Lederhosen-clad Tyrollean guardsmen hoisted the coffin of Archduke Otto von Habsburg on to their shoulders yesterday, and laid the eldest son of Austria's last emperor to rest in a pomp-filled ceremony evocative of the country's past grandeur when it ruled over much of Europe.

Austria shed its imperial past after it lost the First World War, but for six hours the pageantry, colour and ceremony accompanying the burial turned downtown Vienna into the imperial city it once was. The Archduke, who died on 4 July aged 98, was banished with the rest of his family after the collapse of the Austro-Hungarian empire in 1918. The family then scattered across Europe. To the end, Otto von Habsburg never formally renounced the throne – and on Saturday he gained entry into Vienna's Imperial Crypt, the final resting place of the rest of his dynasty, not as emperor but as an ordinary mortal stripped of all honours and titles.

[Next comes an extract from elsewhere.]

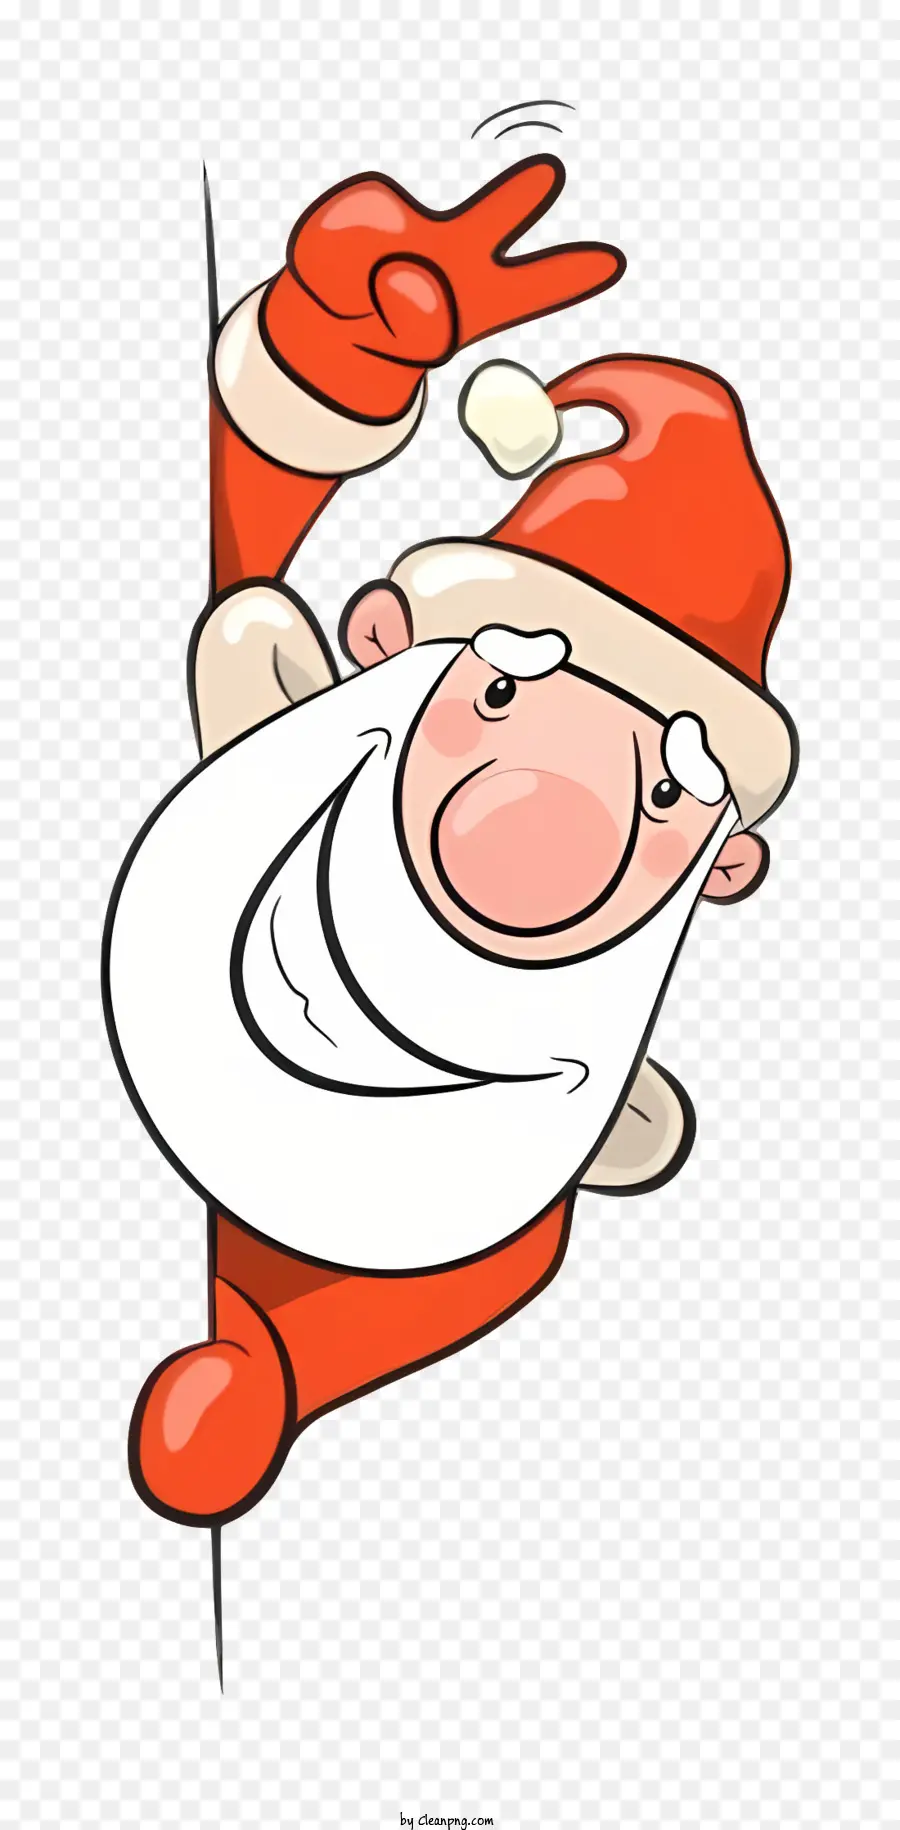 Santa Claus Hình Hòa bình Dấu hiệu hình ảnh giống như phim hoạt hình Dòng màu đen và trắng - Phim hoạt hình Santa giữ dấu hiệu hòa bình, gợi lên sự cổ vũ
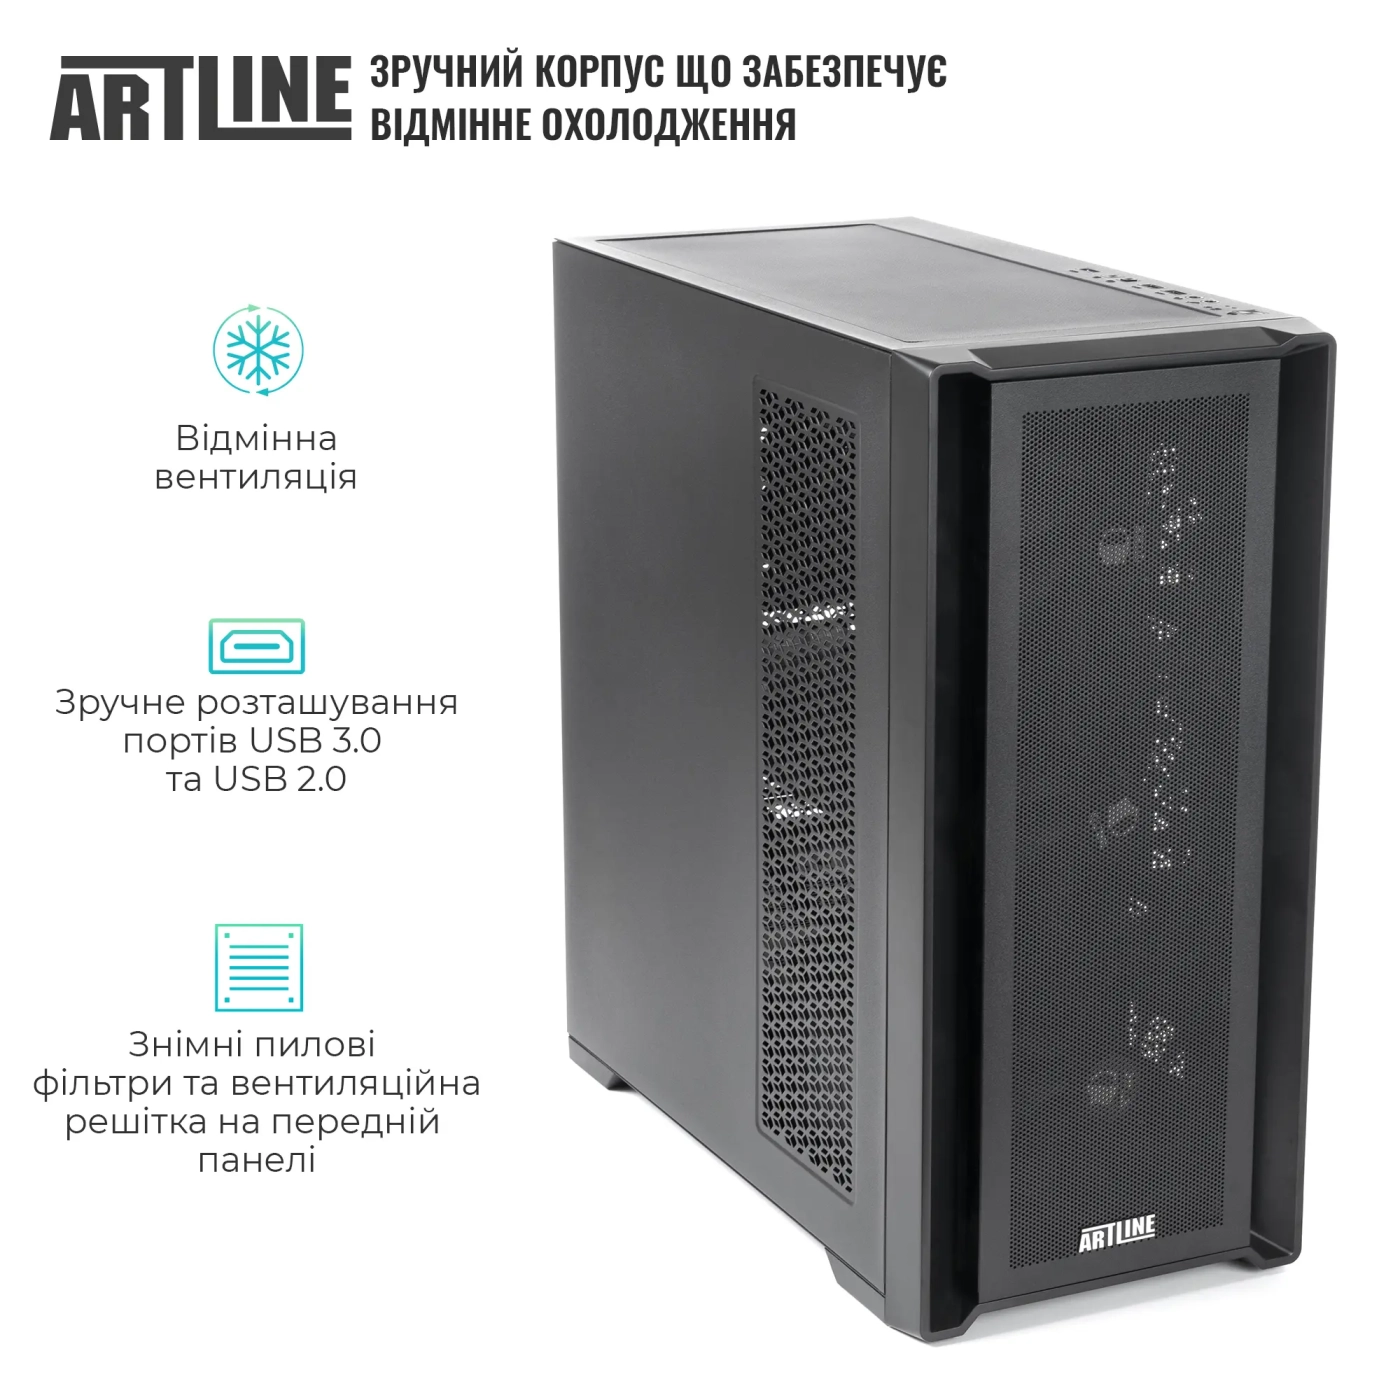 Купить Сервер ARTLINE Business T81 (T81v20) - фото 2

Three times the master of ceremonies knocked on the crypt's doors and twice the coffin was denied entry – first when the Archduke was named as emperor and holder of dozens of other royal titles, then when his academic and political achievements and other accomplishments were listed. "We do not know him!" was the response from the Capuchin friars within. The doors only opened after he was described as "Otto – a mortal and a sinner".

The crypt was the last stop for the crowd of mourners packing the 2.4km route from the Gothic cathedral where he was eulogised earlier in the day. Police estimated that 10,000 spectators lined the route. Austrian Army units in slow funeral march step were followed by a gurney carrying the coffin, covered with the yellow-black Habsburg flag and flanked by the Tyrollean home guardsmen. Next came close family members, then crowned heads from Europe, Austrian government leaders, clergymen in fanciful Habsburg regimental colours.

The elaborate ceremony in Vienna's St Stephen's Cathedral also evoked the grandeur of the 640-year Habsburg dynasty. The Gothic church was packed. In another symbolic bow to the Habsburgs, seven bishops from nations of the former Austro-Hungarian empire – seven countries plus parts of modern-day Montenegro, Italy, Poland, Romania and Serbia and Ukraine – assisted the Austrian Cardinal Christoph Schoenborn.